更に場面は移り変わって、病院の一室……。
「うわぁぁあああああんっっ!!」
ナオが大声で泣き叫ぶ。
病室のベッドの上に寝かされた、幼い少女……顔に布を被せられた様子から、それが水死したミオである事を疑う余地は無かった。
姉妹の両親は別室で医者や警察と話をしており、部屋にいるのはナオとさやかの二人だけだ。
「私のせいだっ! 私が山に行こうなんて言い出したせいで……そのせいで、ミオは死んだんだっ! 私がミオを殺したんだぁっ!」
亡骸に寄り添いながら、ナオが自分を責める。妹の死に責任を感じたあまり、この世から消えてしまいたい気持ちだった。あんな事言わなければ妹は死なずに済んだのに、なんて馬鹿な事をしたんだろう……そんな後悔の念が湧き上がり、胸が押し潰されそうになる。
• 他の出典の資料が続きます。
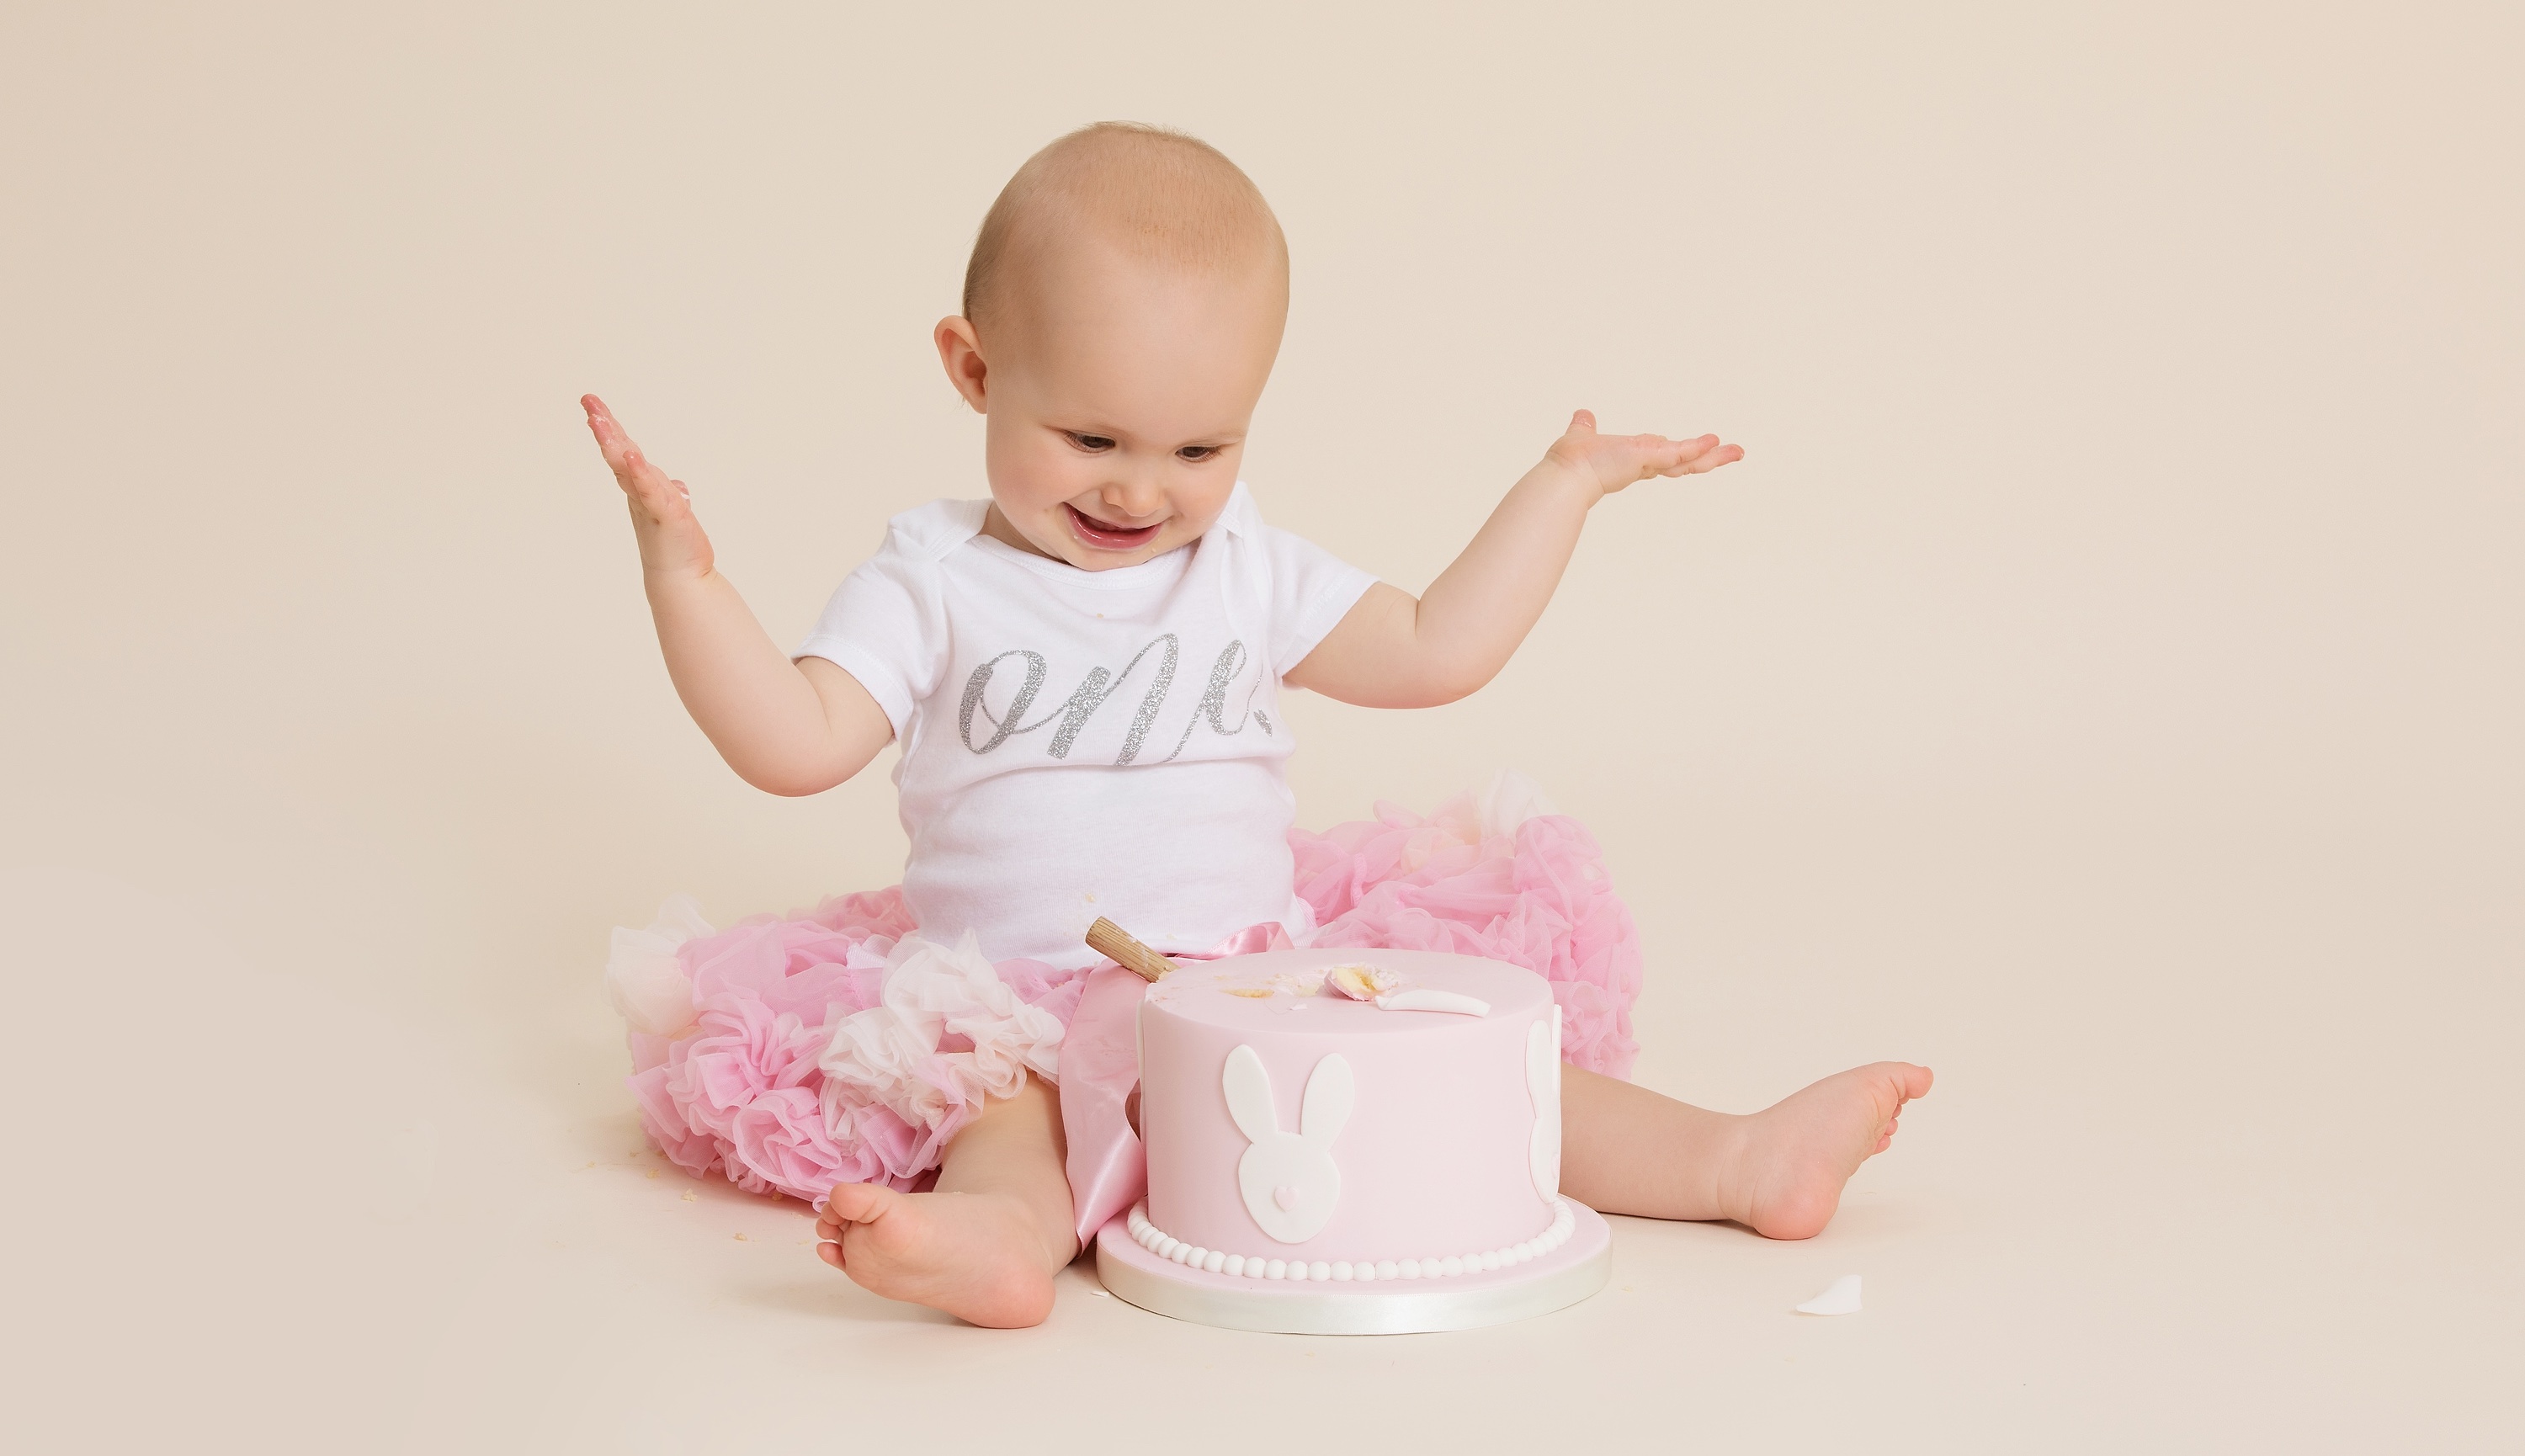 danielle jones photography | Newborn and Cake smash Photographer

「ナオは悪くないっ! 何も悪くないよっ! わたしが絶対助けるって言ったのに、助けられなくて……だからナオは、ぜんぜん悪くないよぉっ!」
さやかも負けじと自分を責める。そして妹の亡骸にしがみ付いて泣く少女を、背中から抱き締めた。責任を被った所で、死んだ少女が生き返る訳ではない。それでも、せめて少しでもナオの悲しみを和らげてあげたい……そう思わずにはいられなかった。
「さやかぁ……」
少女の思いが伝わったのか、ナオが抱かれたまま彼女の方へと振り返る。顔は涙で濡れて、真っ赤になっている。
「うっ……うっ……うぁぁあああああっ……」
さやかの優しさに甘えるように胸に顔をうずめると、またも大きな声で泣き出した。
さやかもナオを強く抱き締めたまま、堪えきれずに泣き始める。
そうして二人の少女は抱き合ったまま、誰にも止められる事なく涙が枯れるまで泣き続けた。
◇ ◇ ◇
「ナオ……ミオ……ごめん……」
十五歳のさやかは研究所のベッドで眠りながら、うわごとのように呟く。昔の悲しい記憶を夢に見て、目を瞑ったままボロボロと涙を溢れさせていた。